In the material below, find the span from the line with "Polska flaga na fiszorku z chlebem" to the line with "snack, chocolate, food" and transcribe only those lines, exactly, ends included, without the pictures.

DATA SECTION section start

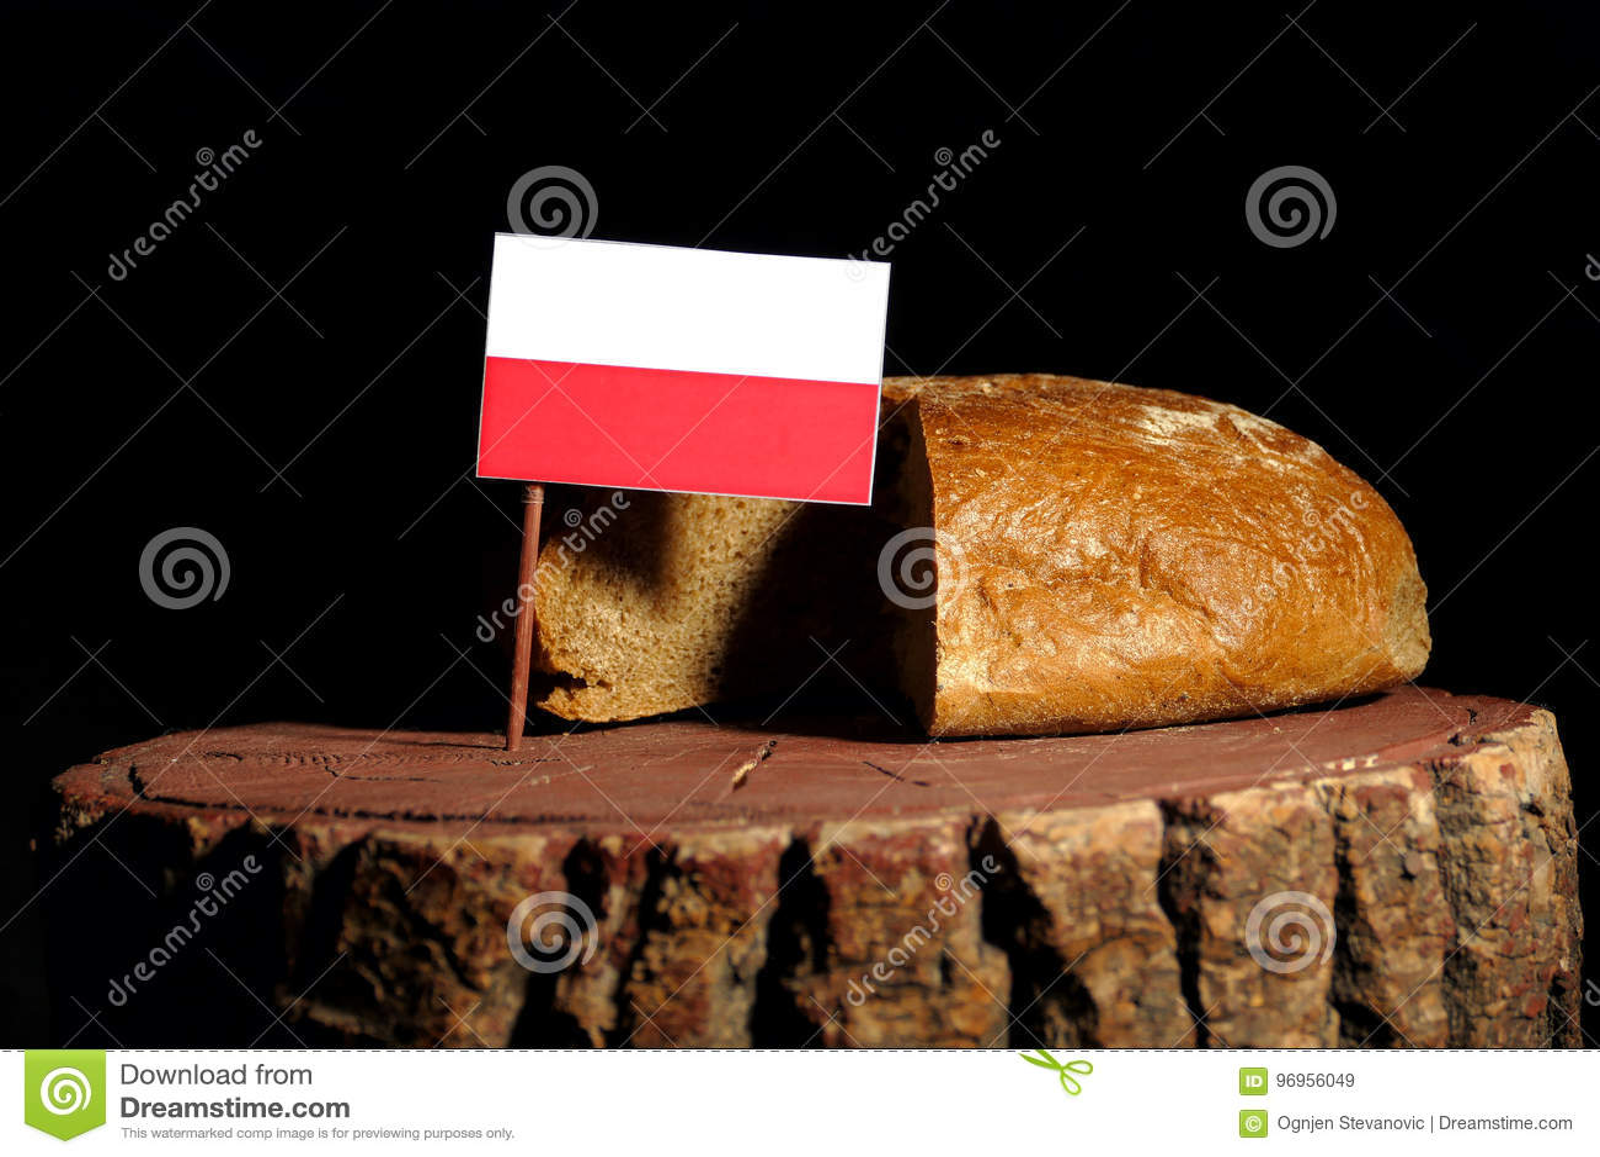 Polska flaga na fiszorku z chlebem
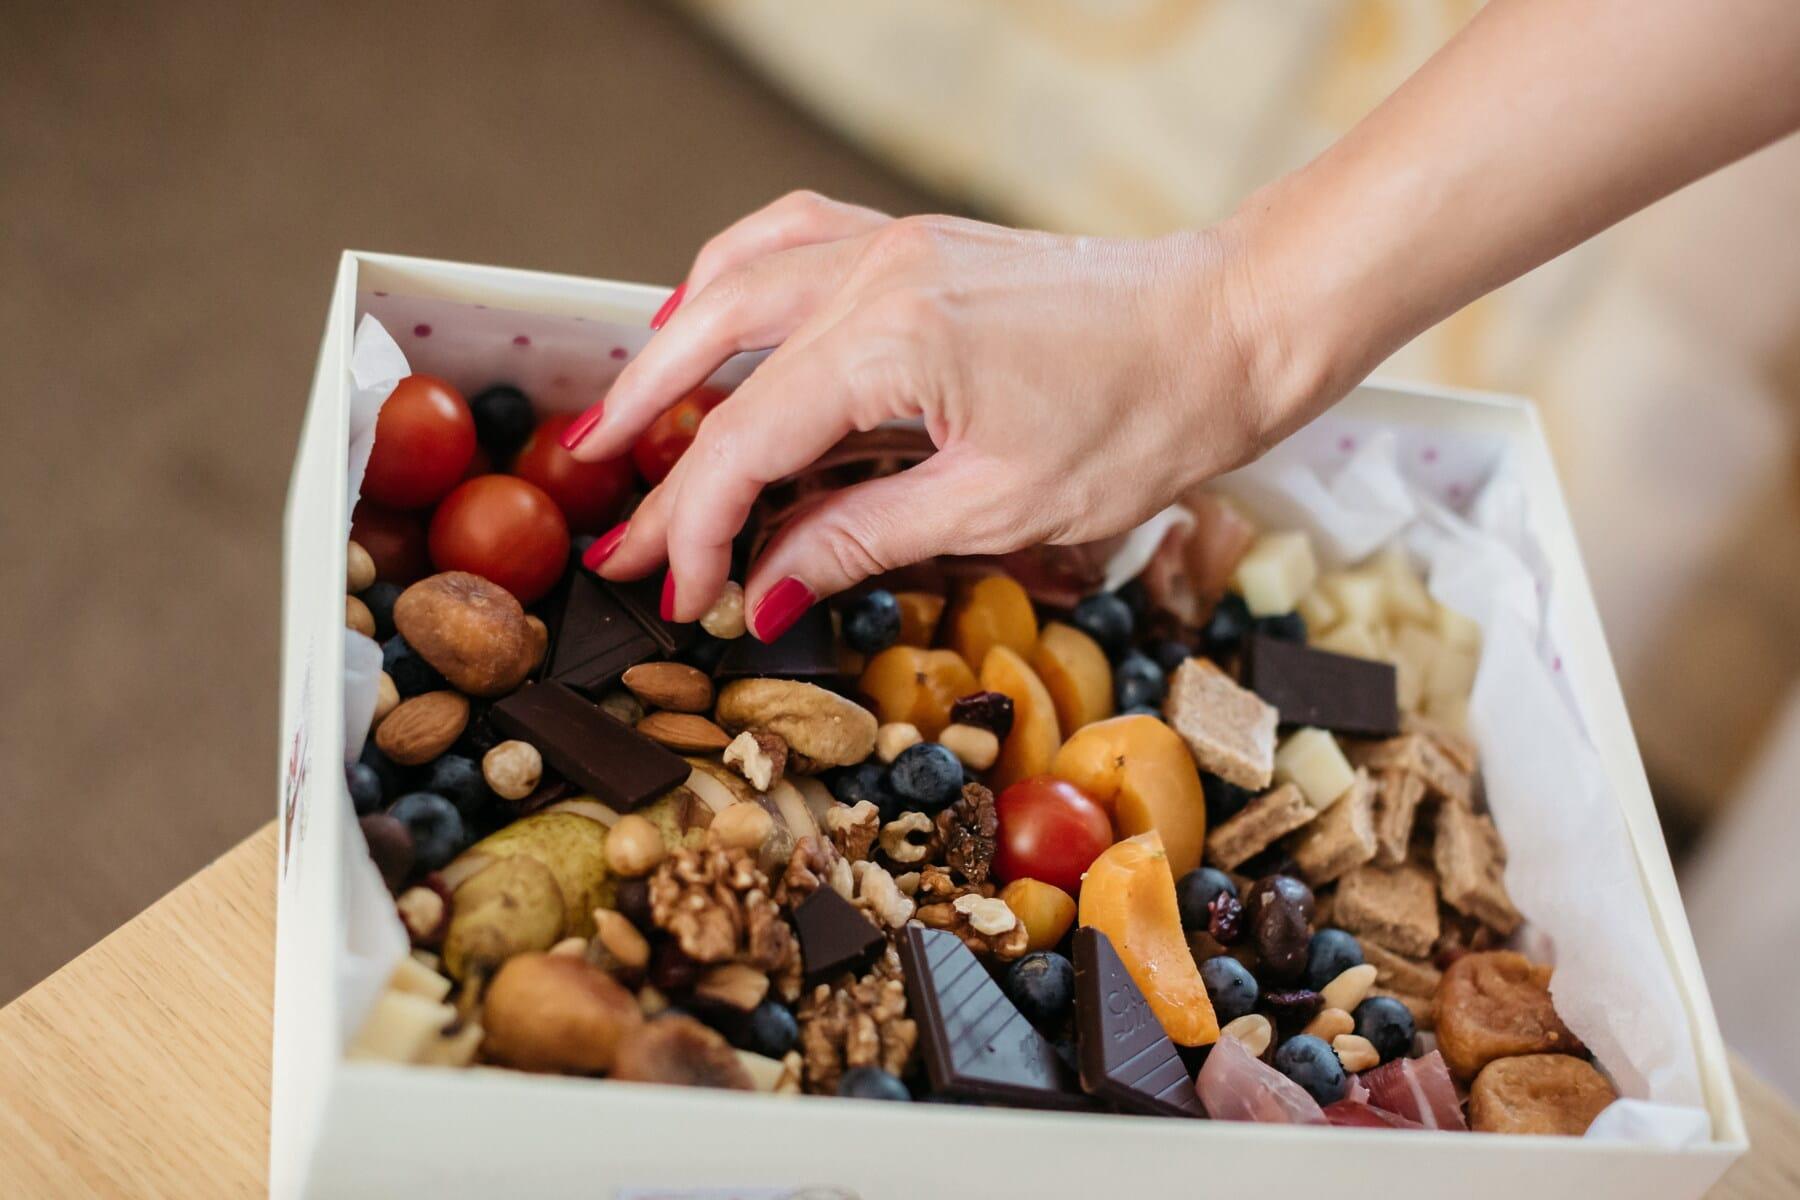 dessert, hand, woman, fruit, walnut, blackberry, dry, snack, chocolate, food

DATA SECTION section end
DATA SECTION section start

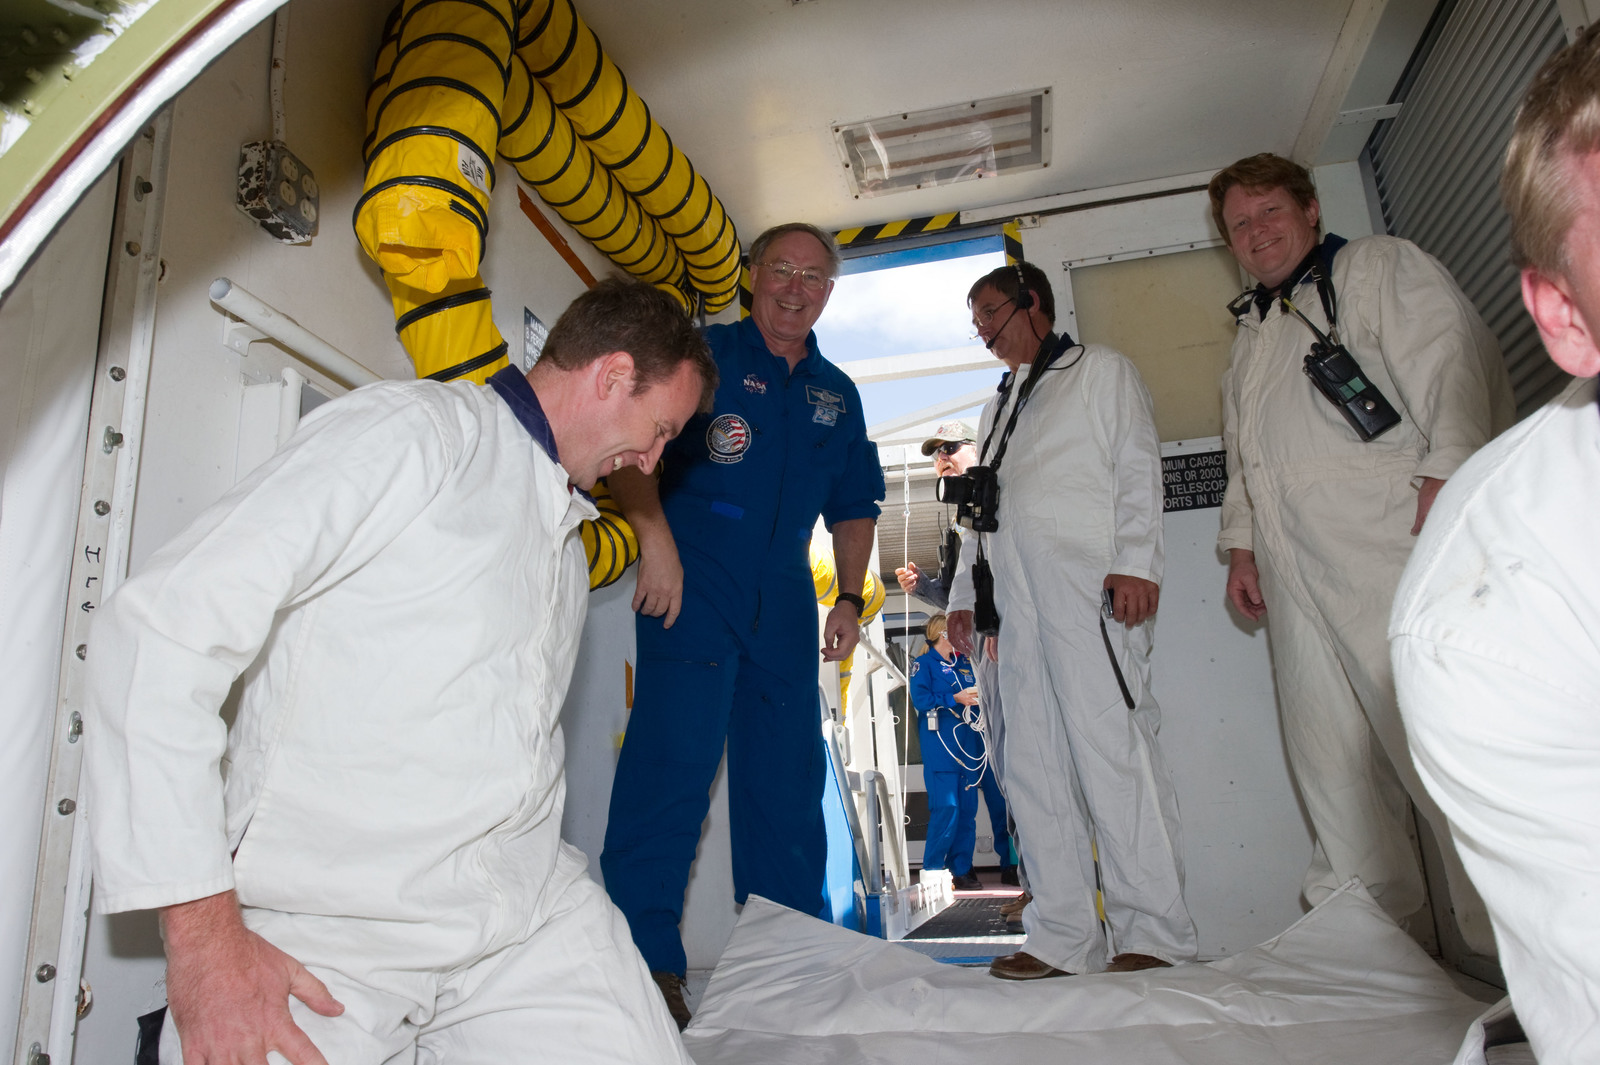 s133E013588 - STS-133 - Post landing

DATA SECTION section end

TASK SOLUTION =>
 Polska flaga na fiszorku z chlebem
 dessert, hand, woman, fruit, walnut, blackberry, dry, snack, chocolate, food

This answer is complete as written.